Excluding pictures, what does the listing below contain from the line with "Logo Decomarbre 94" up to and including the line with "President Recep Tayyip", word for word?

__Given records__
==================================================
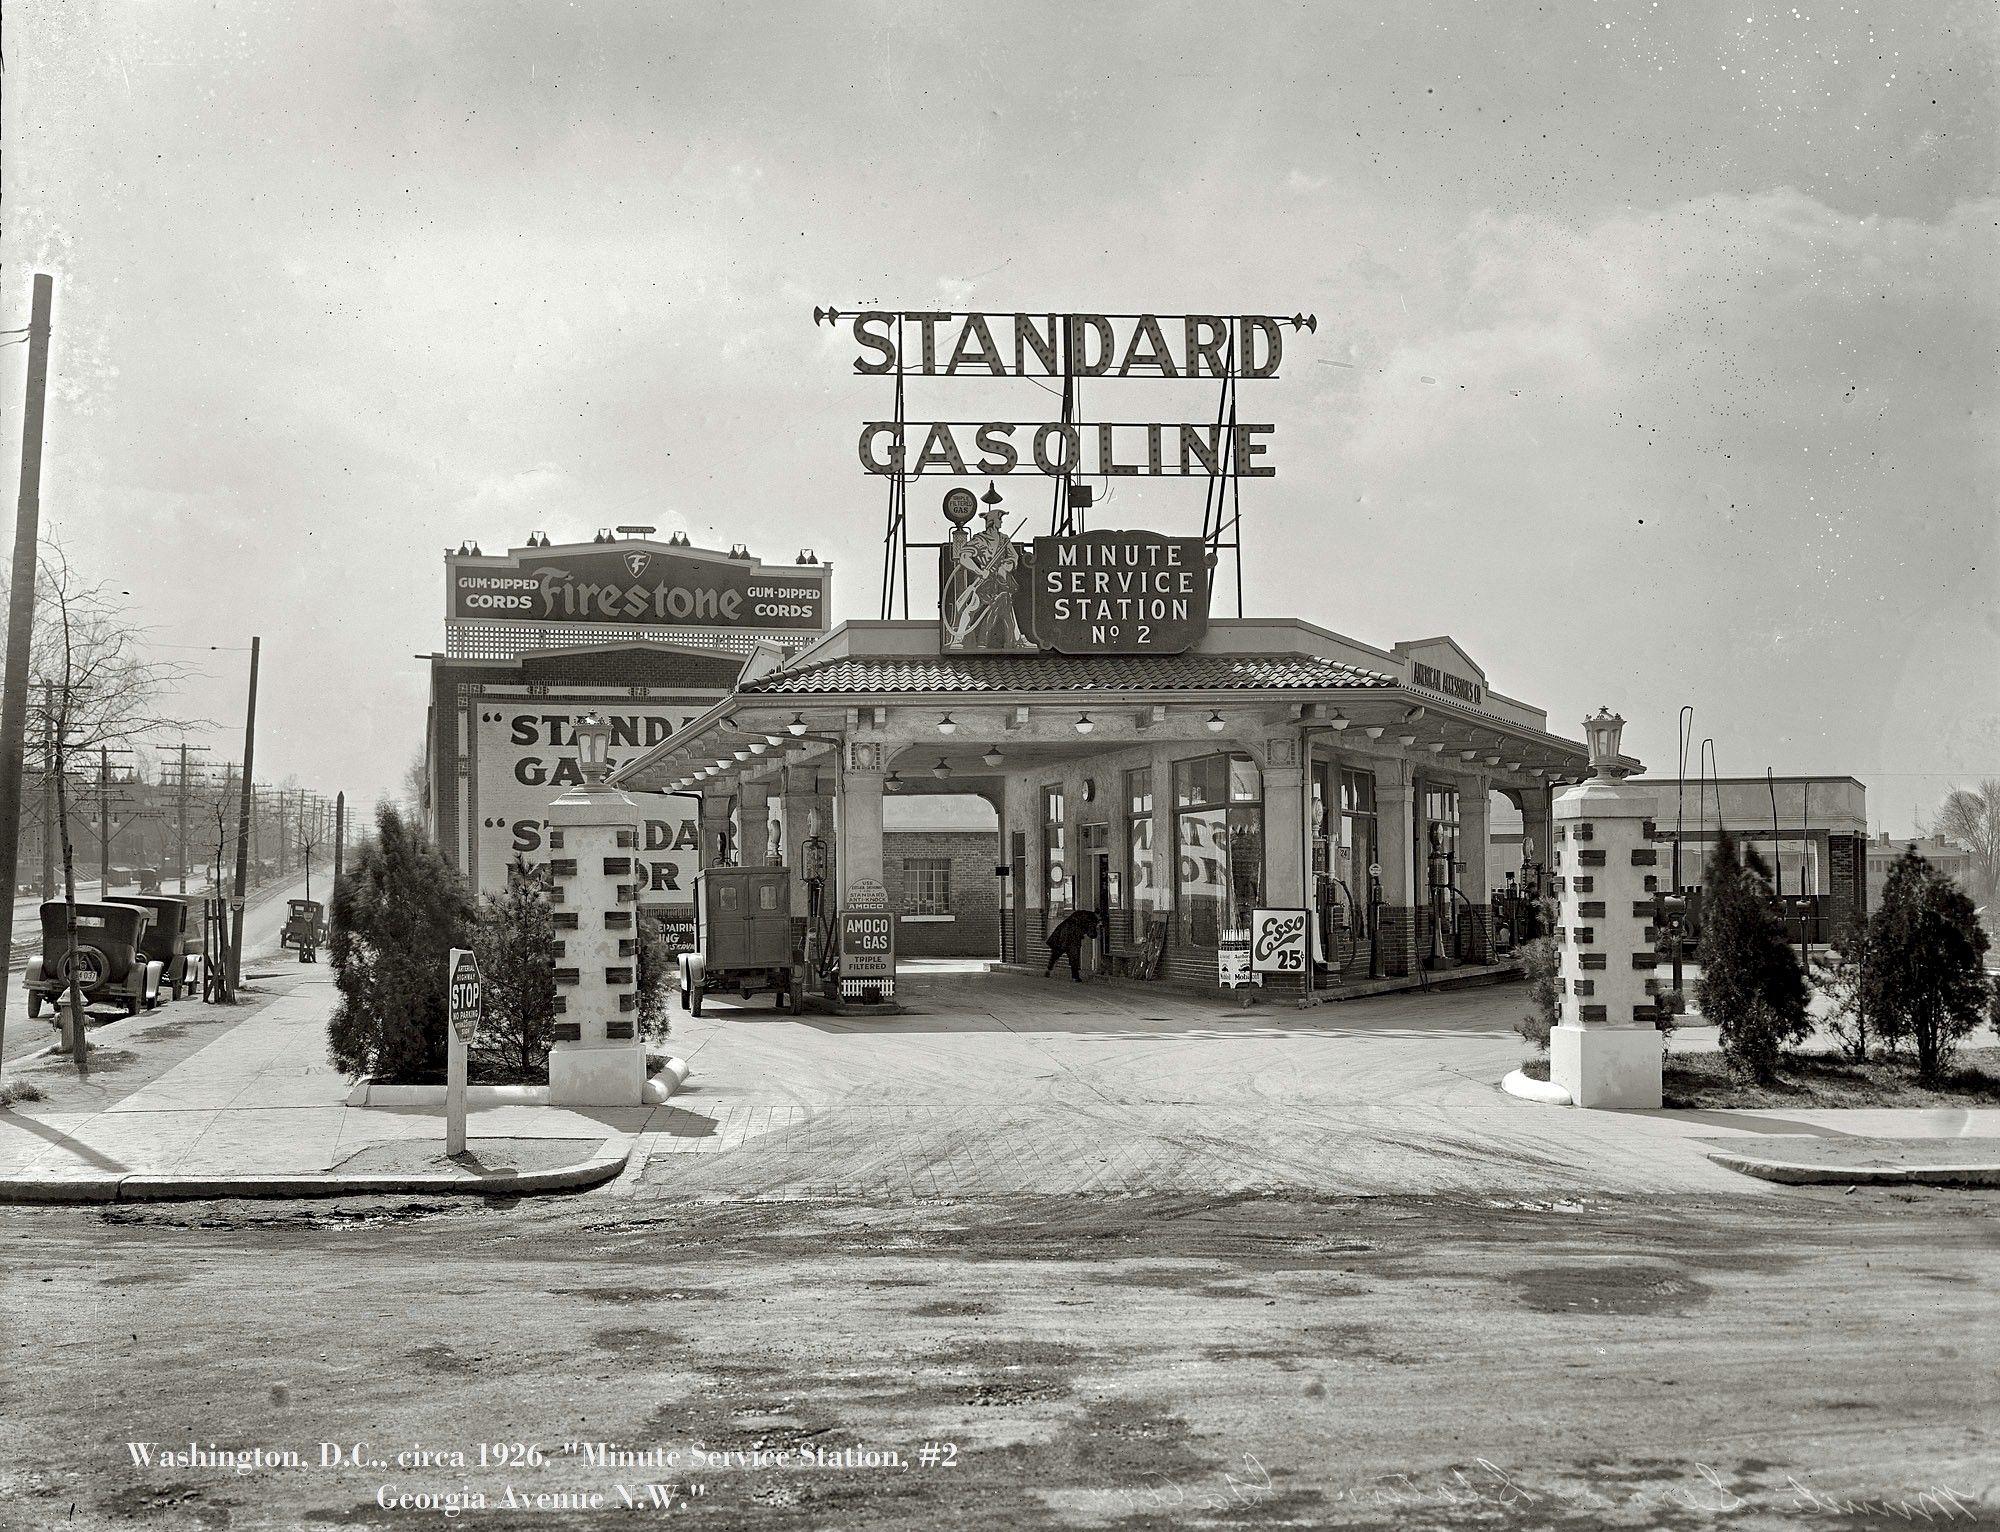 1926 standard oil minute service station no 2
==================================================
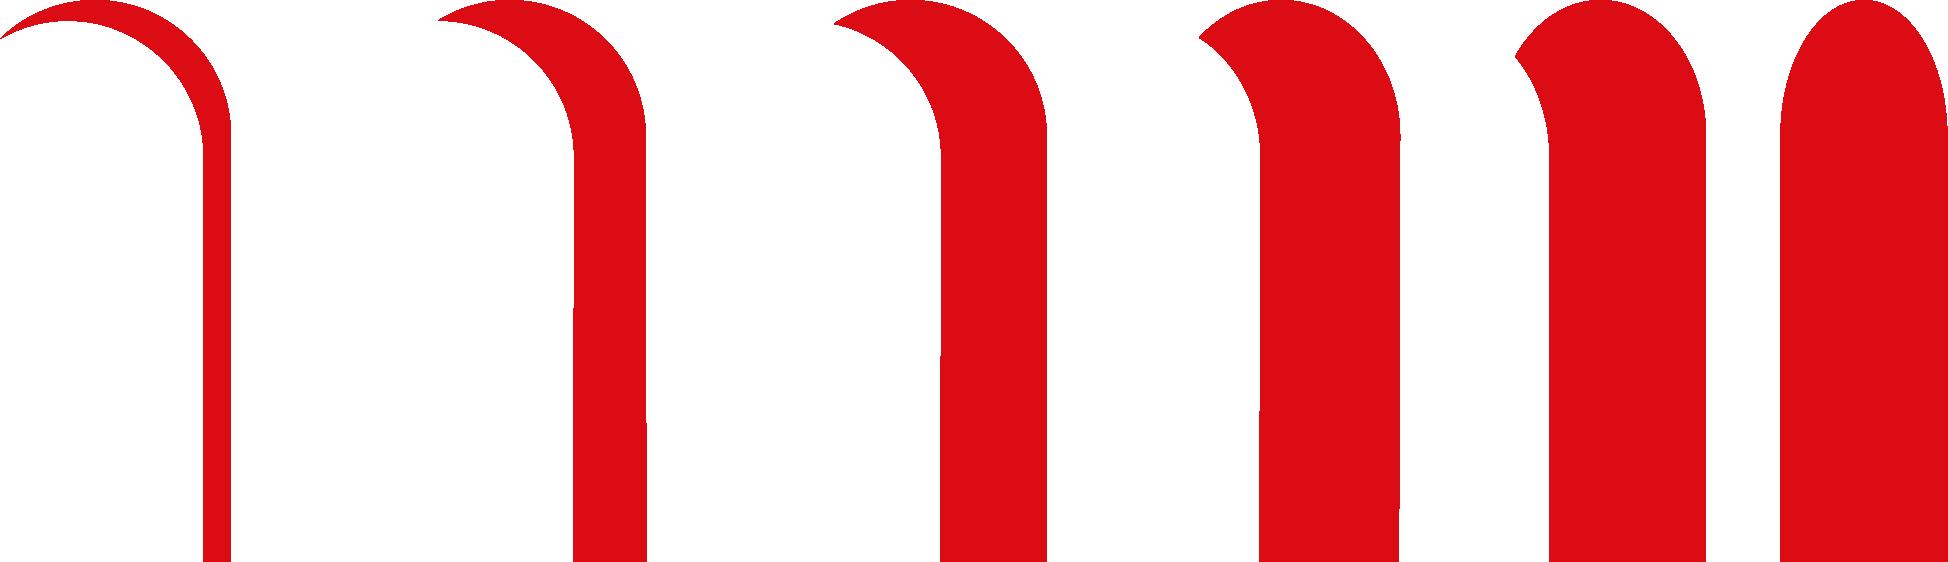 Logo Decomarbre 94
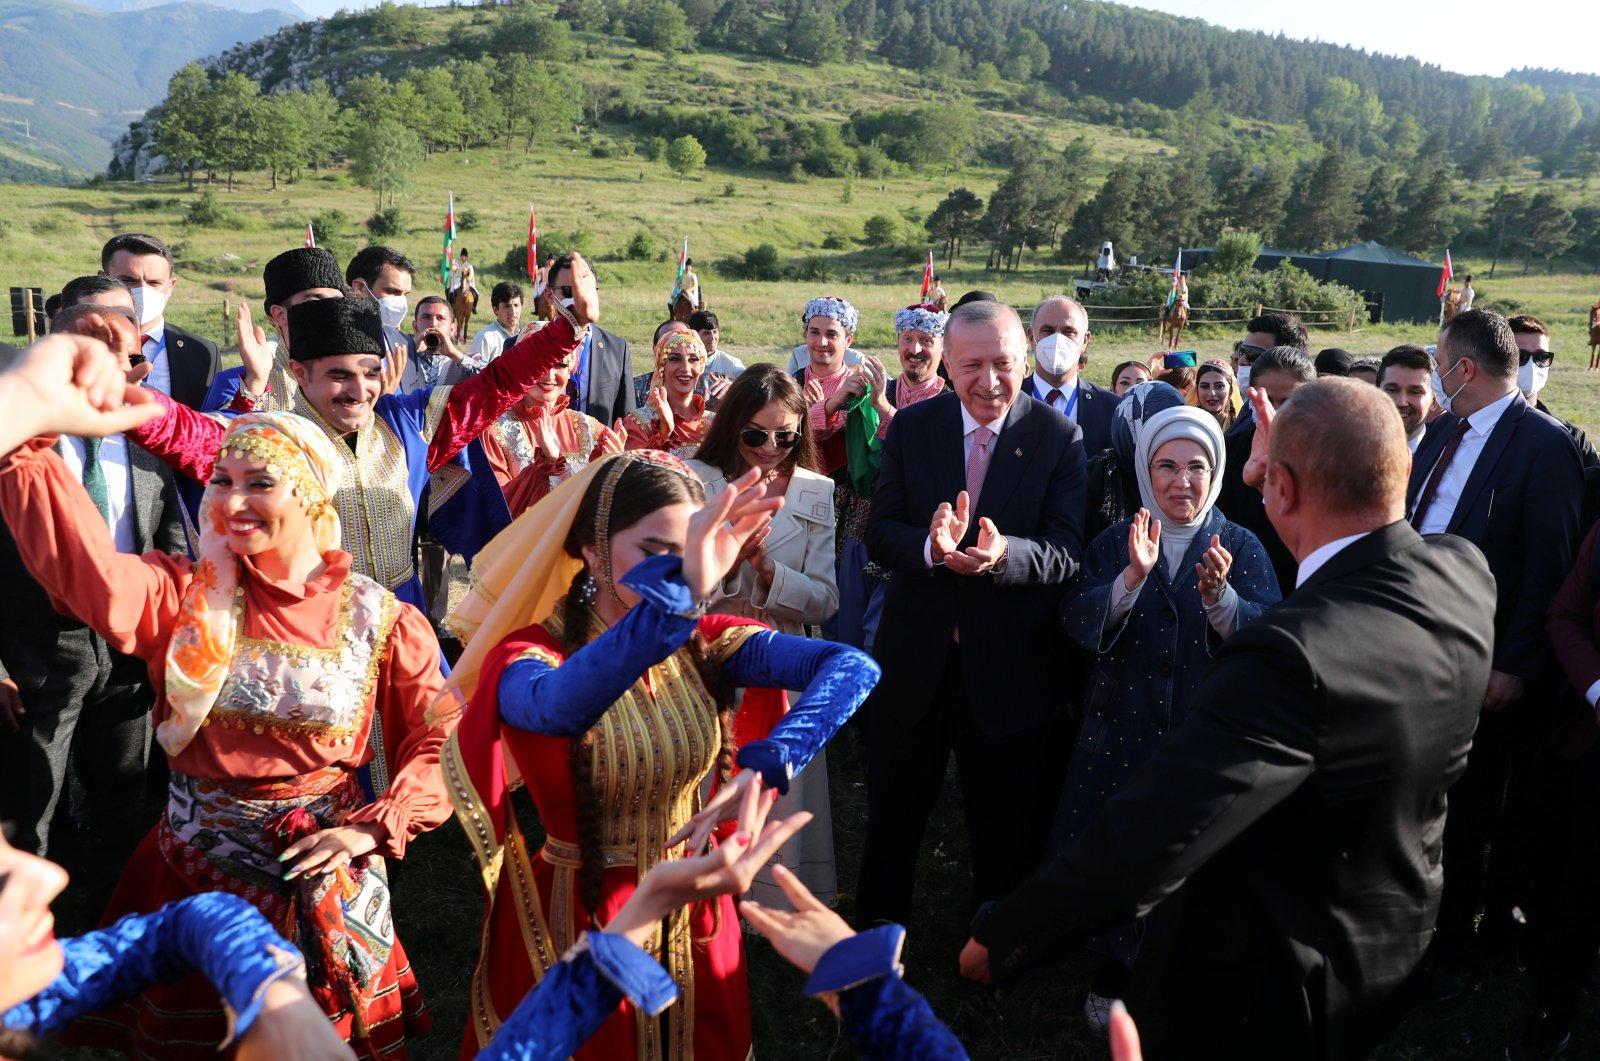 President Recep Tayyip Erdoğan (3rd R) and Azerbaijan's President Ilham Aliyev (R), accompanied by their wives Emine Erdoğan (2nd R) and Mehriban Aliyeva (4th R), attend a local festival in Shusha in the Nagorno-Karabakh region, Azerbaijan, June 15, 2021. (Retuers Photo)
==================================================
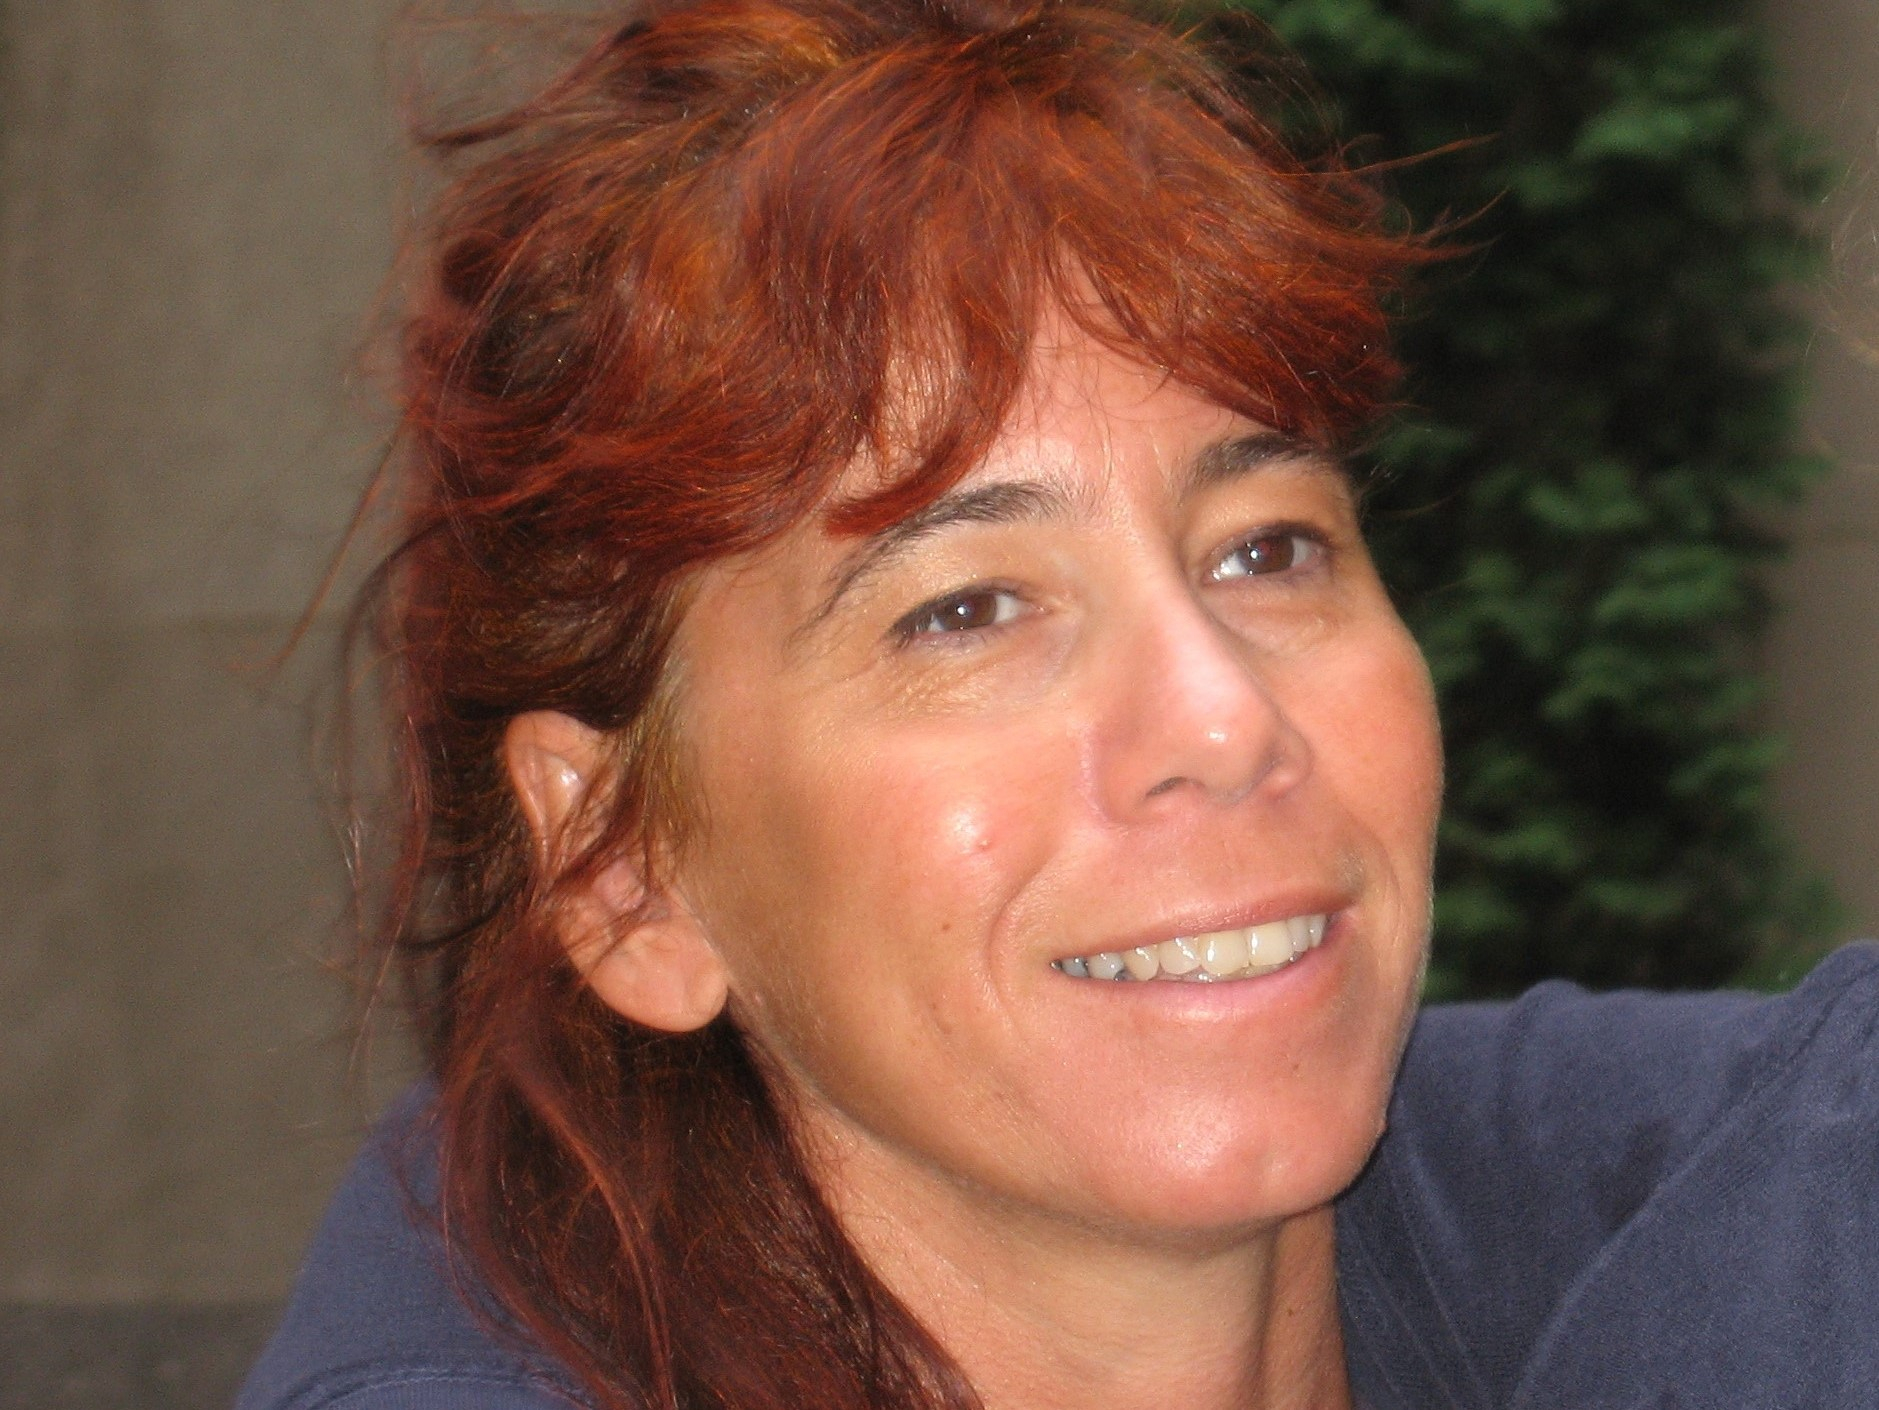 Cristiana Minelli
==================================================
__Completed task__
 Logo Decomarbre 94
 President Recep Tayyip Erdoğan (3rd R) and Azerbaijan's President Ilham Aliyev (R), accompanied by their wives Emine Erdoğan (2nd R) and Mehriban Aliyeva (4th R), attend a local festival in Shusha in the Nagorno-Karabakh region, Azerbaijan, June 15, 2021. (Retuers Photo)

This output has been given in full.